Covenant Renewal Worship
Jason Cherry
Mar 28, 2022
In a recent article we explained the what and why behind the exhortation during the worship service. The exhortation precedes the confession of sin. The confession is in response to the exhortation. The congregation kneels during confession. After the minister leads the congregation in corporate prayer, there is a time for private confession, after which we rise to hear the good news of the gospel. “If we confess our sins, he is faithful and just to forgive us our sins and to cleanse us from all unrighteousness” (1 Jn. 1:9). Then we announce our common faith in the words of one of the ecumenical creeds.

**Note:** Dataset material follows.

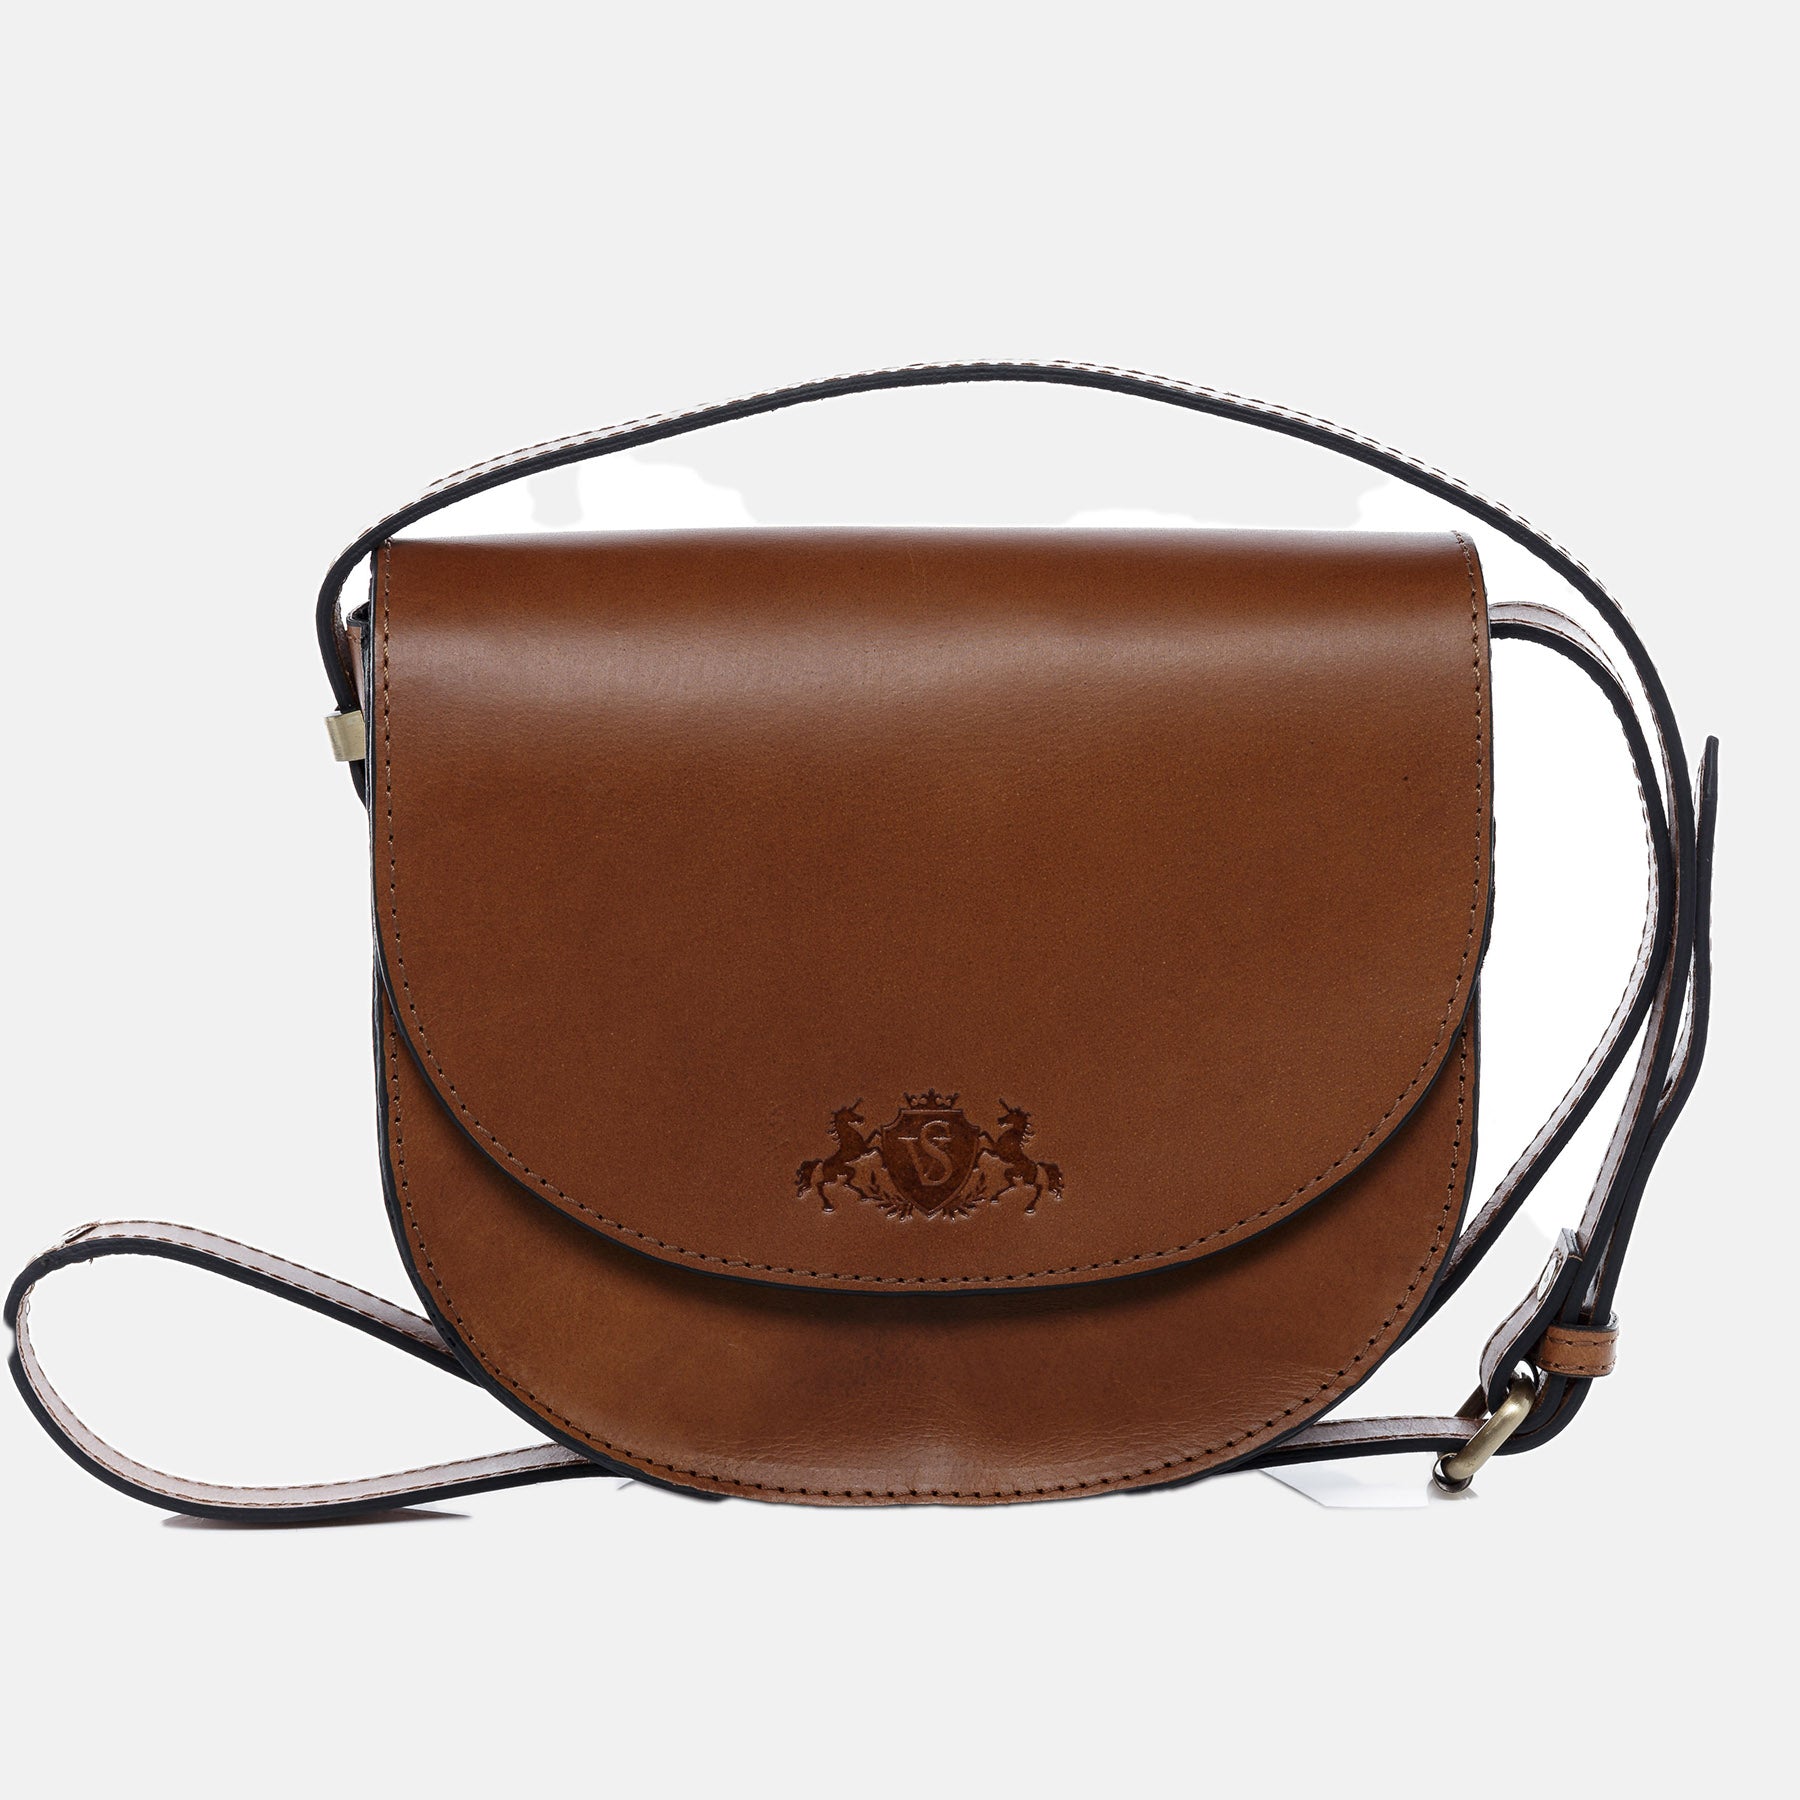 Shoulder bag TRISH saddle leather light brown-cognac

During Covenant Renewal Worship, we corporately and individually confess our sins to the Lord. Praise to the Lord and the confession of sin are not separate activities. They belong together. Isaiah praises the Lord (Is. 6:3) and then confesses his sin (Is. 6:5). Augustine called on “those who govern the Church” to “have rightly appointed times of penitence.” During the Medieval Church, the Roman Mass began with The Confiteor, a general confession of sin. The Reformers rehabilitated the practice of confessing sin. The sixteenth-century Church at Strasbourg liturgy included a prayer of confession and supplication. It was a plain confession of sin, influenced by Psalm 25 and 26, and supplication for God’s mercy.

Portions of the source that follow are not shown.